Silvia fastened a little apron around her waist and filled the Silex with coffee. "When I was nine years old, I read of it in Homer, in the Odyssey. Ulysses dug a trench in the ground and filled it with blood to attract the spirits. The shades from the netherworld."

"That's right," Rick admitted reluctantly. "I remember."

"The ghosts of people who died. They had lived once. Everybody lives here, then dies and goes there." Her face glowed. "We're all going to have wings! We're all going to fly. We'll all be filled with fire and power. We won't be worms any more."

"Worms! That's what you always call me."

"Of course you're a worm. We're all worms -- grubby worms creeping over the crust of the Earth, through dust and dirt."

"Why should blood bring them?"

"Because it's life and they're attracted by life. Blood is uisge beatha -- the water of life."

"Blood means death! A trough of spilled blood..."

"It's not death. When you see a caterpillar crawl into its cocoon, do you think it's dying?"

Walter Everett was standing in the doorway. He stood listening to his daughter, his face dark. "One day," he said hoarsely, "they're going to grab her and carry her off. She wants to go with them. She's waiting for that day."

"You see?" Silvia said to Rick. "He doesn't understand either." She shut off the Silex and poured coffee. "Coffee for you?" she asked her father.

"No," Everett said.

"Silvia," Rick said, as if speaking to a child, "if you went away with them, you know you couldn't come back to us."

"We all have to cross sooner or later. It's all part of our life."

"But you're only nineteen," Rick pleaded. "You're young and healthy and beautiful. And our marriage -- what about our marriage?" He half rose from the table. "Silvia, you've got to stop this!"

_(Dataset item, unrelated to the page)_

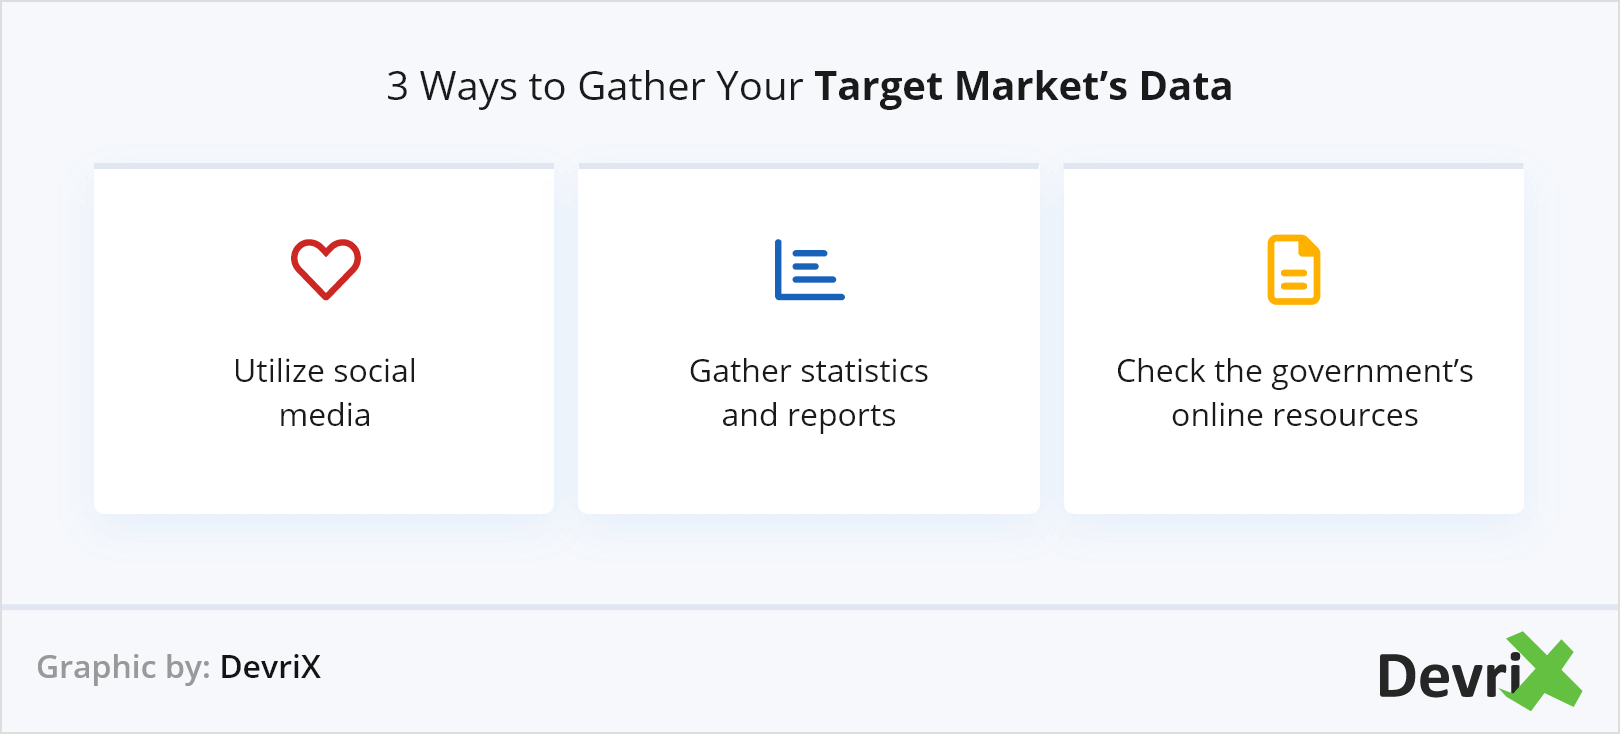 3 Ways to Gather Your Target Market’s Data

"I can't stop it. I was seven when I saw them first." Silvia stood by the sink, gripping the Silex, a faraway look in her eyes. "Remember, Daddy? We were living back in Chicago. It was winter. I fell, walking home from school." She held up a slim arm. "See the scar? I fell and cut myself on the gravel and slush. I came home crying -- it was sleeting and the wind was howling around me. My arm was bleeding and my mitten was soaked with blood. And then I looked up and saw them."

There was silence.

"They want you," Everett said wretchedly. "They're flies -- bluebottles, hovering around, waiting for you. Calling you to come along with them."

"Why not?" Silvia's gray eyes were shining and her cheeks radiated joy and anticipation. "You've seen them, Daddy. You know what it means. Transfiguration -- from clay into gods!"

Rick left the kitchen. In the living-room, the two sisters stood together, curious and uneasy. Mrs. Everett stood by herself, her face granite-hard, eyes bleak behind her steel-rimmed glasses. She turned away as Rick passed them.

"What happened out there?" Betty Lou asked him in a taut whisper. She was fifteen, skinny and plain, hollow cheeked, with mousy, sand-colored hair. "Silvia never lets us come out with her."

"Nothing happened," Rick answered.

Anger stirred the girl's barren face. "That's not true. You were both out in the garden, in the dark, and --"

"Don't talk to him!" her mother snapped. She yanked the two girls away and shot Rick a glare of hatred and misery. Then she turned quickly from him.

Rick opened the door to the basement and switched on the light. He descended slowly into the cold, damp room of concrete and dirt, with its unwinking yellow light hanging from the dust-covered wires overhead.